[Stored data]
***

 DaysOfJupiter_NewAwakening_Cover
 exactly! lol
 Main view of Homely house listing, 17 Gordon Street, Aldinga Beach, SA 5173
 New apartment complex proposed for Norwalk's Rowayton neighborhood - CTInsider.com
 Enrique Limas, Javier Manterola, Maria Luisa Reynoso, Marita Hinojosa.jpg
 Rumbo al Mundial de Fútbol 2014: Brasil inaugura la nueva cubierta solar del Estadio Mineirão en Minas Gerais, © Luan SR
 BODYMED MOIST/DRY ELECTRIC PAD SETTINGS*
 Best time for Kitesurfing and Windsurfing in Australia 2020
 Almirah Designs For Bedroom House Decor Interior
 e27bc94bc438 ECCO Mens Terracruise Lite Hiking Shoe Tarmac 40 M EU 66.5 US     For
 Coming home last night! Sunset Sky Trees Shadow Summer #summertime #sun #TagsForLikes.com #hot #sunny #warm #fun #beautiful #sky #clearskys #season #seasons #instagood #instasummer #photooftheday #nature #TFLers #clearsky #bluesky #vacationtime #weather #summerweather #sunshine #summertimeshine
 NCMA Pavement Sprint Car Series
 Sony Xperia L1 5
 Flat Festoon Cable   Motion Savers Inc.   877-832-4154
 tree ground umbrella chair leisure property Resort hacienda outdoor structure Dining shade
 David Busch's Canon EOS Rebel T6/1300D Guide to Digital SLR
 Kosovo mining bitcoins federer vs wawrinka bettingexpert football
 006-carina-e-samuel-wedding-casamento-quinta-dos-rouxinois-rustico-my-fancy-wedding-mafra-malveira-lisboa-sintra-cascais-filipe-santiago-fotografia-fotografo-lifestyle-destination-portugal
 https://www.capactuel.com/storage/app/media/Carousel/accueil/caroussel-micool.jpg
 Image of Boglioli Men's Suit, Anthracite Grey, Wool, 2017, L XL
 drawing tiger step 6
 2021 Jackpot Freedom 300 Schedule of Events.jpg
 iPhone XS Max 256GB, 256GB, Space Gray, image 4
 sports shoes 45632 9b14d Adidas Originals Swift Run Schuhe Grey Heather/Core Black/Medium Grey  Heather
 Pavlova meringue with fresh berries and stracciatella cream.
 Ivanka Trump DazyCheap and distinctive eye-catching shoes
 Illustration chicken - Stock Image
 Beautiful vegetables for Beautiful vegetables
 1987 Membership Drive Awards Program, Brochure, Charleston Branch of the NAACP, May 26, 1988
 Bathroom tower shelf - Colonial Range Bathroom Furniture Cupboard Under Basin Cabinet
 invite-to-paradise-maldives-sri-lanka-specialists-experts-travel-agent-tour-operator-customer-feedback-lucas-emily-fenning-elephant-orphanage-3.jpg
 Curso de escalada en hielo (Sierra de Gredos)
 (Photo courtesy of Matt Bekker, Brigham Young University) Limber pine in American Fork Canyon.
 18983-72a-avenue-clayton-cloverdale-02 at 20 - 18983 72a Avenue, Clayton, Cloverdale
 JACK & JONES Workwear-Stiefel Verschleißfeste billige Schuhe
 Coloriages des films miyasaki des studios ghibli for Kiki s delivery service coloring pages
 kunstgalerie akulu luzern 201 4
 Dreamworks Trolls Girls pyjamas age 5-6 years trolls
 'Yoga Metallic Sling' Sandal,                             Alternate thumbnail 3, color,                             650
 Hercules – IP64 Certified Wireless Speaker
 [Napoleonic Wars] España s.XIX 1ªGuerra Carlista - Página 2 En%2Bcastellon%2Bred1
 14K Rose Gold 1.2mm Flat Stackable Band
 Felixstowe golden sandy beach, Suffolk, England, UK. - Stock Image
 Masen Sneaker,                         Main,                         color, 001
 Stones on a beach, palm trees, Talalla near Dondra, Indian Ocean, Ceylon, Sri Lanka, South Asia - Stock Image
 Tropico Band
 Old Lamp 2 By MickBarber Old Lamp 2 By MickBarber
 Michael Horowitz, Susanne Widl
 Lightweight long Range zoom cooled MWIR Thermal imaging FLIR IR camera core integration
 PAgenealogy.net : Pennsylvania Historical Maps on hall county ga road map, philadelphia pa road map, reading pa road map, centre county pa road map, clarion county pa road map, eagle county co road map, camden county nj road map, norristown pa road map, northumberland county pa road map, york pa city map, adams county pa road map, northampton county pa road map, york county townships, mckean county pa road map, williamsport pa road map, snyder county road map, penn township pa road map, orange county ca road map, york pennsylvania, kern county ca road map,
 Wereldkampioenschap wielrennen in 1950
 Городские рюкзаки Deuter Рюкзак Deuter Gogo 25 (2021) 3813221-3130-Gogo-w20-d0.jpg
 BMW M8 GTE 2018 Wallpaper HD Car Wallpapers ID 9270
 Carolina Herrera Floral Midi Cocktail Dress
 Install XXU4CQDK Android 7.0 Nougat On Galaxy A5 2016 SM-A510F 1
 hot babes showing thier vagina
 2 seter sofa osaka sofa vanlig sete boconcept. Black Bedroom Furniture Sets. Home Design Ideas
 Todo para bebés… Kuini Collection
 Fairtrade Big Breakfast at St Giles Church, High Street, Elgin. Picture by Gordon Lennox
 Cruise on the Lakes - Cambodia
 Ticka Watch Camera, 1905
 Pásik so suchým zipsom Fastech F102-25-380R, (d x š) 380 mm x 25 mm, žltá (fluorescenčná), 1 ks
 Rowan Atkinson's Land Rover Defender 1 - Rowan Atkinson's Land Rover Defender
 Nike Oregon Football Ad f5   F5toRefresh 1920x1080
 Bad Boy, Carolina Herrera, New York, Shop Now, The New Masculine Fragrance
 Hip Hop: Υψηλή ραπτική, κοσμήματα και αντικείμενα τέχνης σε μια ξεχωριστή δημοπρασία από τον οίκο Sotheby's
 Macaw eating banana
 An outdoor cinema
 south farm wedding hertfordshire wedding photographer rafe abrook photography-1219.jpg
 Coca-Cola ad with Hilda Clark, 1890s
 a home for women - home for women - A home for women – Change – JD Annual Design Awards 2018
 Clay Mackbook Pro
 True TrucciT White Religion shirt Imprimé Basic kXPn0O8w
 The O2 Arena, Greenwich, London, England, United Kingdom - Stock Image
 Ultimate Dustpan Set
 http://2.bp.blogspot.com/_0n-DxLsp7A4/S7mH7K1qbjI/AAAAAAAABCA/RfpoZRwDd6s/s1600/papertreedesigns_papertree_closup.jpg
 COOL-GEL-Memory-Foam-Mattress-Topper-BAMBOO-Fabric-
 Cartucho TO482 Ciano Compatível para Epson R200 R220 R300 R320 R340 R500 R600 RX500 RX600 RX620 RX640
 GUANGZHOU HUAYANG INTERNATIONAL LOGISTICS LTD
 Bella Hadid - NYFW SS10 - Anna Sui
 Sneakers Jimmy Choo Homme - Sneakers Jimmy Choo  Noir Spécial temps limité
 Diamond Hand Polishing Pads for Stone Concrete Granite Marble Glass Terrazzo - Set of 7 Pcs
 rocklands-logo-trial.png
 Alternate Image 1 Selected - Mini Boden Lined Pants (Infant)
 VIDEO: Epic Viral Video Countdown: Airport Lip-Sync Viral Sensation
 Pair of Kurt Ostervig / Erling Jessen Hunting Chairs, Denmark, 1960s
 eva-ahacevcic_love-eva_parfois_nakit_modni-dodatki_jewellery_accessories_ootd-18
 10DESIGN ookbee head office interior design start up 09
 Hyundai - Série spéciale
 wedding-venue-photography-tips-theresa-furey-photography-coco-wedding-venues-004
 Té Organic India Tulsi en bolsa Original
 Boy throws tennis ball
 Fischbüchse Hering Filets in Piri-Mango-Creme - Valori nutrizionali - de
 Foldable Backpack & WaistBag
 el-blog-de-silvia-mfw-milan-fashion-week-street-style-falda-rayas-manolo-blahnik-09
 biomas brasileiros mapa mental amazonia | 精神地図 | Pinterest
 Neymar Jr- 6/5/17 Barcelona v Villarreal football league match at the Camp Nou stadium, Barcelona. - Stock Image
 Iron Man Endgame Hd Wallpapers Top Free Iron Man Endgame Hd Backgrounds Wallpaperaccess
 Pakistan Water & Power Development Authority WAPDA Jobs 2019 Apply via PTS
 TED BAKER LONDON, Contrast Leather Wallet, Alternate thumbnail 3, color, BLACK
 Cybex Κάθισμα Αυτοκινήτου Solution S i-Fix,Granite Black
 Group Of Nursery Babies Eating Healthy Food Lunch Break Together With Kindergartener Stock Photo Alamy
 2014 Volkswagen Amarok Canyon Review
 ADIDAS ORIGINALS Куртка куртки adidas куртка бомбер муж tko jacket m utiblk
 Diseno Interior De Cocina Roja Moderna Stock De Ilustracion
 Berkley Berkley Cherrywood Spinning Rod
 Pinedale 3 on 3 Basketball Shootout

***

PROBLEM TO WORK ON
Within the data above, how many lines include the string "Herrera"? Answer with the number by itself.

WRITTEN RESPONSE
2